# Vegas 2011 or Bust



## Stuka1166 (Oct 19, 2006)

Hello all...

Wondering all the proper steps to shoot vegas in 2011.

Do I need to be a member of the NFAA ?

How soon do I need to pay my entry fee ?

Any other useful information will be appreciated !!!

Thank you...


----------



## Heliman21 (Mar 7, 2005)

Why wait 'til 2011? There is still time to register for 2010, just have to pay the additional late fee. No you dont have to be a member of the NFAA either.
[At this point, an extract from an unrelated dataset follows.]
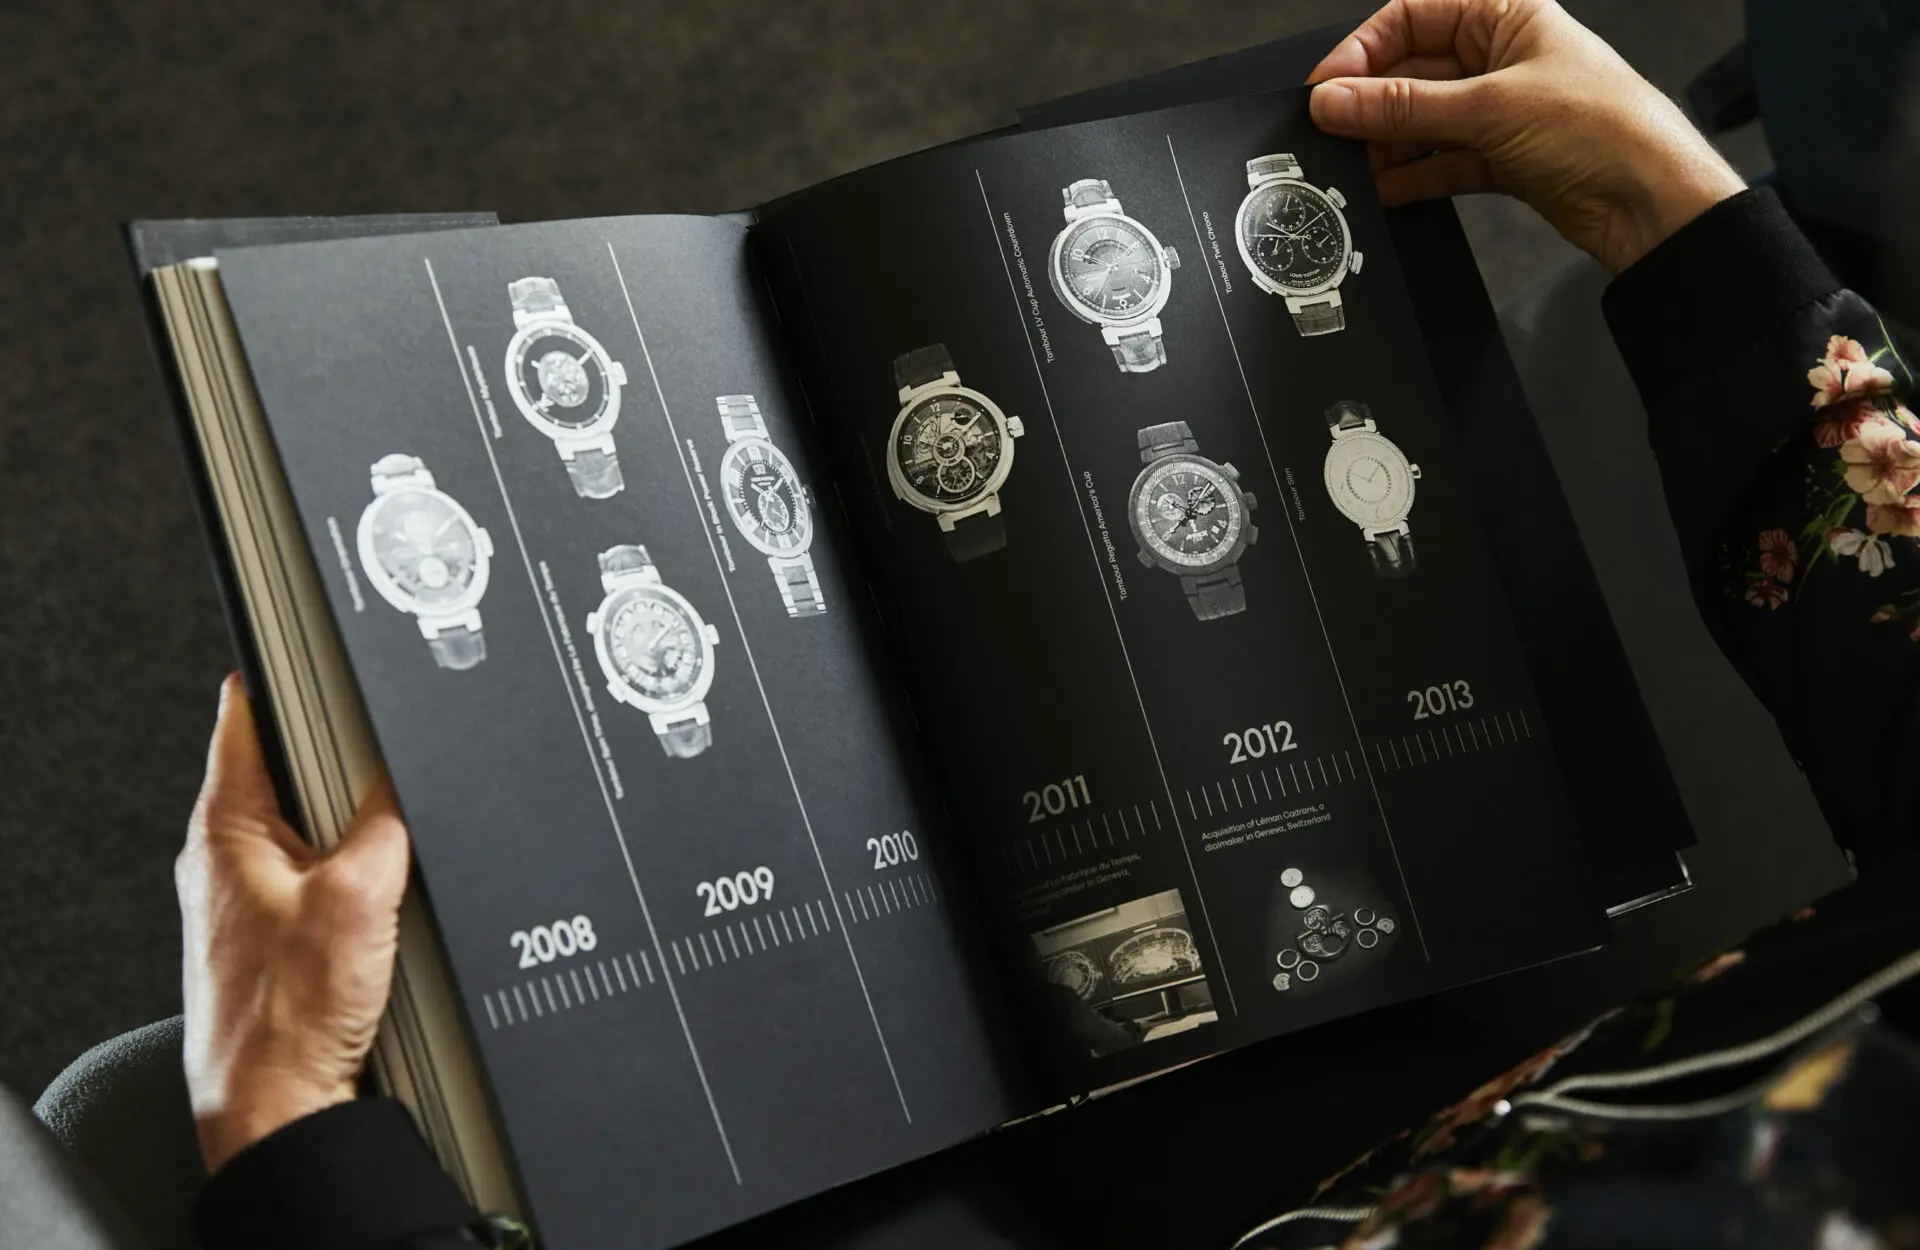 Louis Vuitton Tambour, English Version - Art of Living - Books and

Come on and join in on the fun


----------



## Stuka1166 (Oct 19, 2006)

$$$ is an issue right now...Just bought a Carbon Matrix and rigged it out.
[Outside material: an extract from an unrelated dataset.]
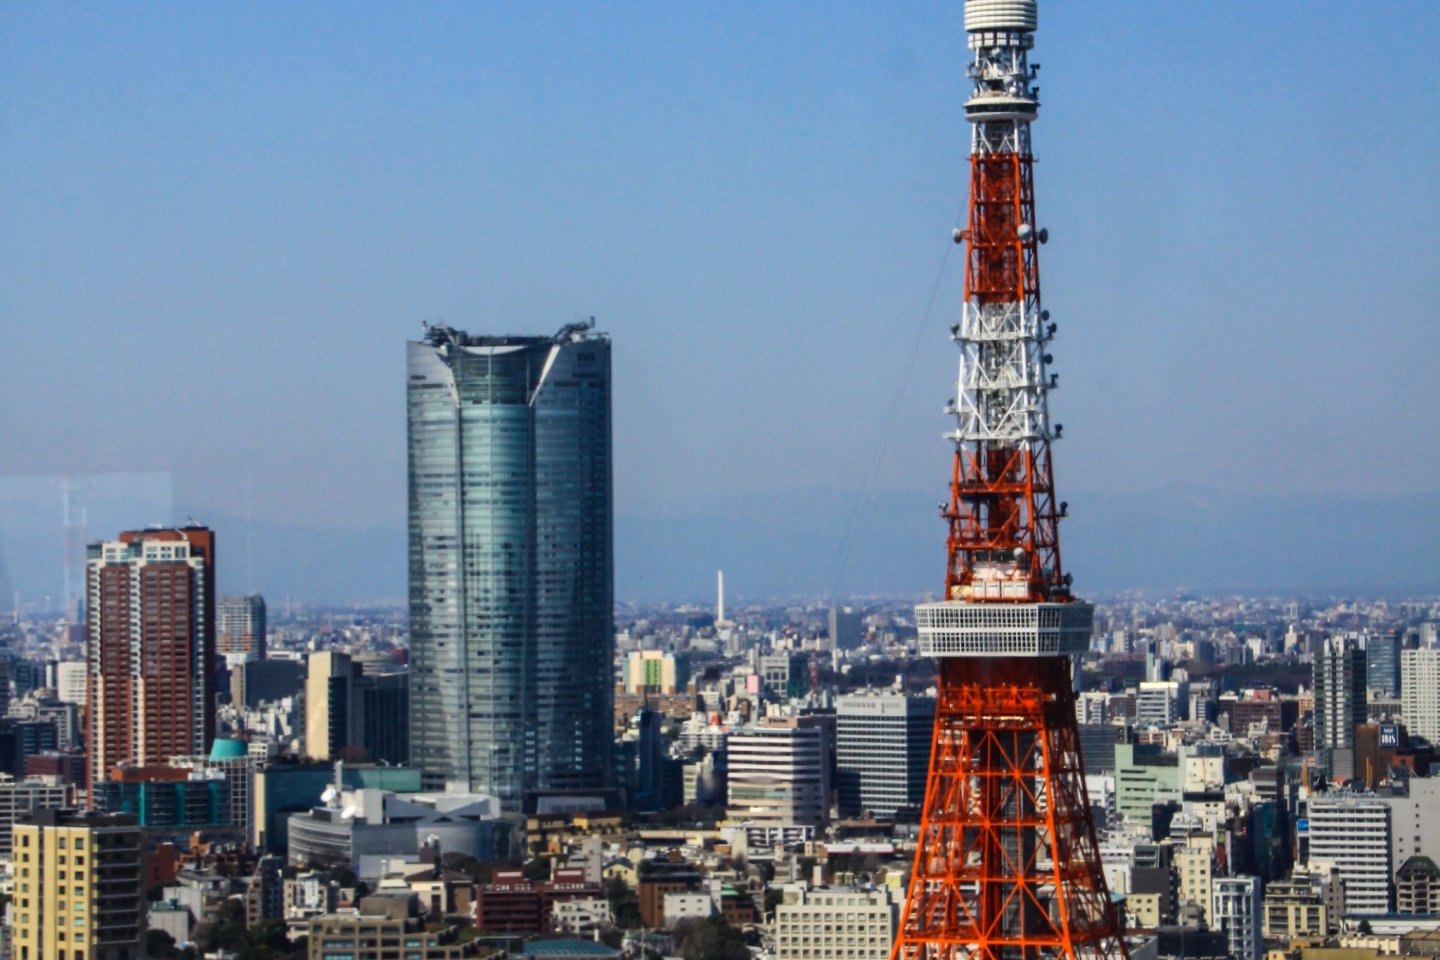 Roppongi Hills and the Tokyo Tower

So next year is my goal...


----------



## USNarcher (Oct 12, 2002)

All you need is a bow and money to shoot vegas


----------



## lane preston (Mar 31, 2005)

*vegas*

i was under the impression that you had to be a member of the nfaa or naa to be able to accept a award. so you would shoot as a guest without a membership. am i on the right track?


----------



## flntknp17 (Mar 12, 2004)

I have not heard that. I know there are folks from overseas that win in different classes often and I would guess they are not NFAA/NAA members. 

Matt


----------



## CHPro (May 21, 2002)

Not true Lane. There is no membership requirement for the Vegas Shoot.

>>----->


----------